(Apologies for a hasty post..)
Indranil wrote:
It doesn't work that way Disha. I think you are confusing attitude with velocity vector. The velocity vector is mostly changing by virtue of gravity. The DVAC can affect it somewhat but not by a whole lot. The object is climbing at roughly 1.7 km/sec. It is not going to become 0 (or negative) in one second.
I might be, but what I am trying to say is that the Marco guy is thinking in straight line when the path will be actually elliptical.
My point is that
marco is assuming that from the photo ASAT hit the target "from below" and the fact that ASAT still has some ways to go (840 mtrs) means to assume it is going to hit the target "from below" would be false.

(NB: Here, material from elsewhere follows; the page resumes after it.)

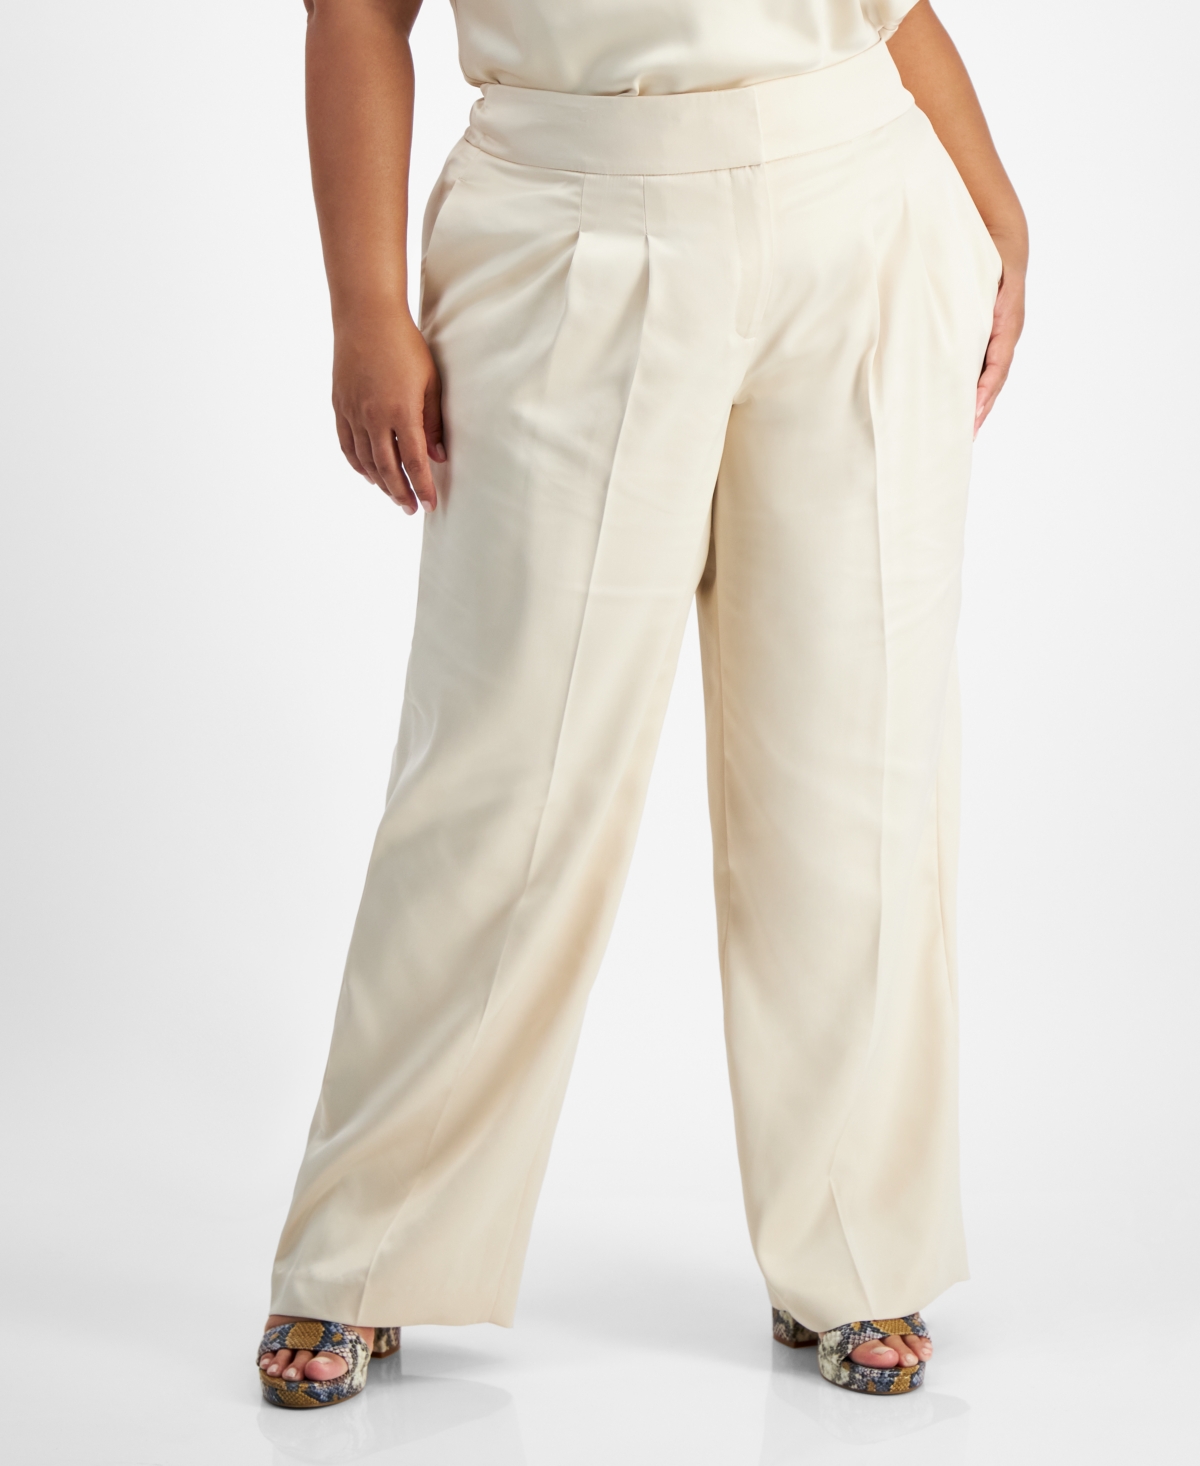 Bar Iii Plus Size High-rise Wide-leg Satin Pants, Created For Macy's In Light Tea

Let us say that ASAT's attitude at that point of time is 0.02 or 0.03 degrees offset towards the "up" direction, then it would have missed the ASAT if no further correction would have been taken - but the photo for Marco would be perfect!!
Here is another fact which Marco and its ilk are missing (but not pentagon or any serious space scientists of the world), DRDO said that the CEP was few centimeters. Let say the CEP is 27.5 centimeters to the target at 275 and that translates to a precision of 0.000001 (thumb rules, some zero may have been misplaced, but anything having some
Another way to look at it, it will take some 0.08 secs to cover 0.84 km at some 10 km/s and since it is rising at 1.7 km/sec, in that 0.08 seconds it would have risen some 1.5 mtrs (all thumb rule calculations). At that point it is either going to graze the target at top or hit as expected.
*Again all of the above are rough calculations and I am simplifying the problem tremendously. Point is, Marco cannot go about writing an article deriding an ASAT just by a photo and ignoring several such observations as above.